A word-for-word copy of the data is what's wanted, with no pictures.

INPUT DATA:
-=-=-
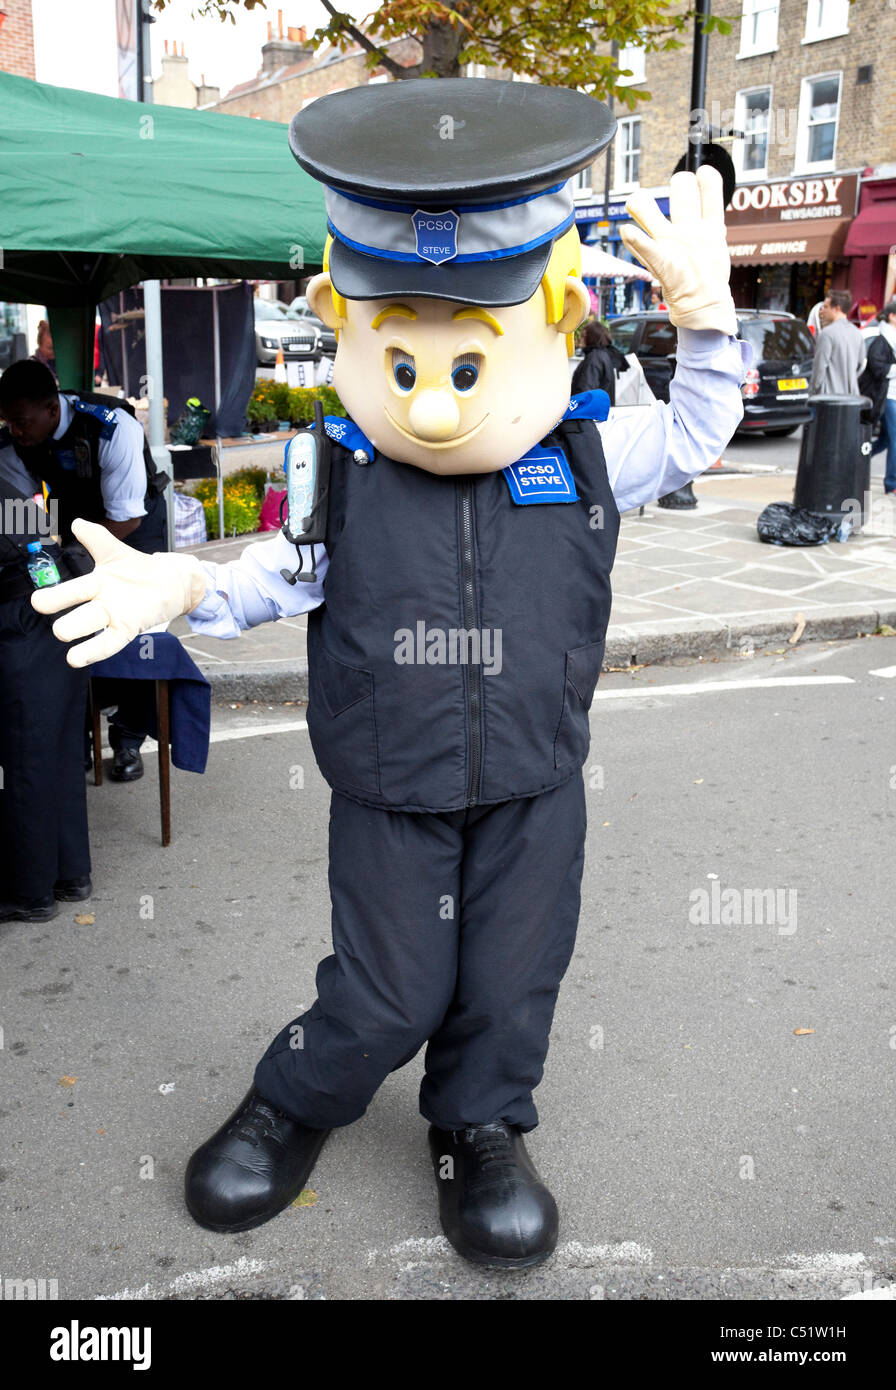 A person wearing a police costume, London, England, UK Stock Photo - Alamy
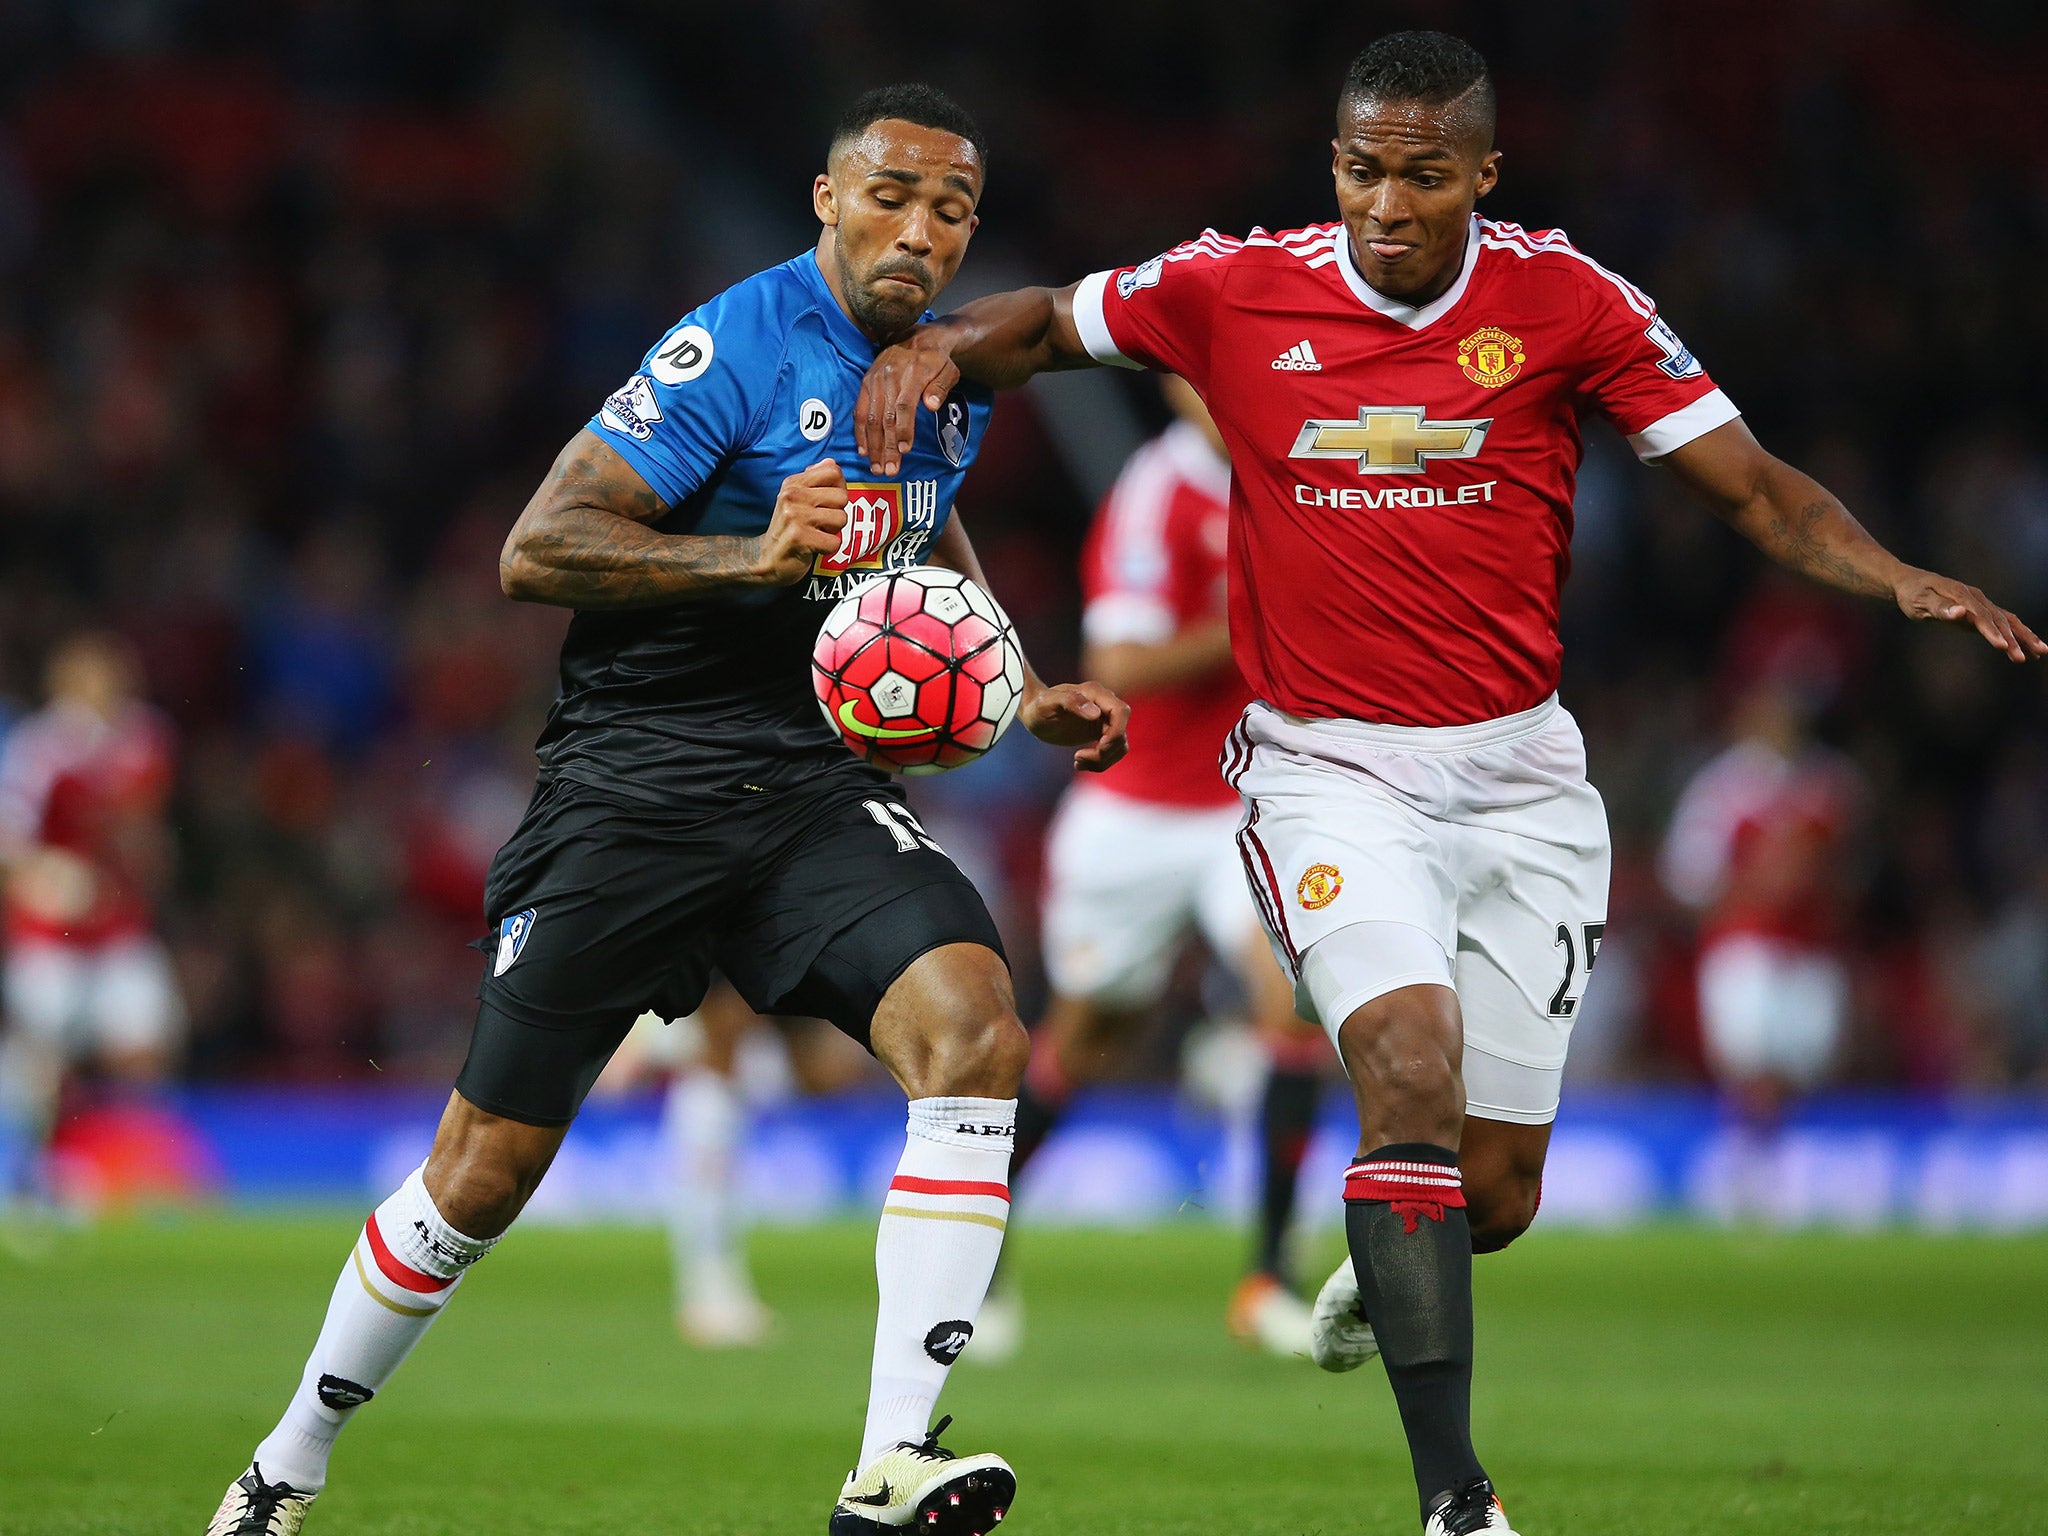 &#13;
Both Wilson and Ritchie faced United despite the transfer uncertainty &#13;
-=-=-
WRITTEN ANSWER:
 A person wearing a police costume, London, England, UK Stock Photo - Alamy
 &#13;
Both Wilson and Ritchie faced United despite the transfer uncertainty &#13;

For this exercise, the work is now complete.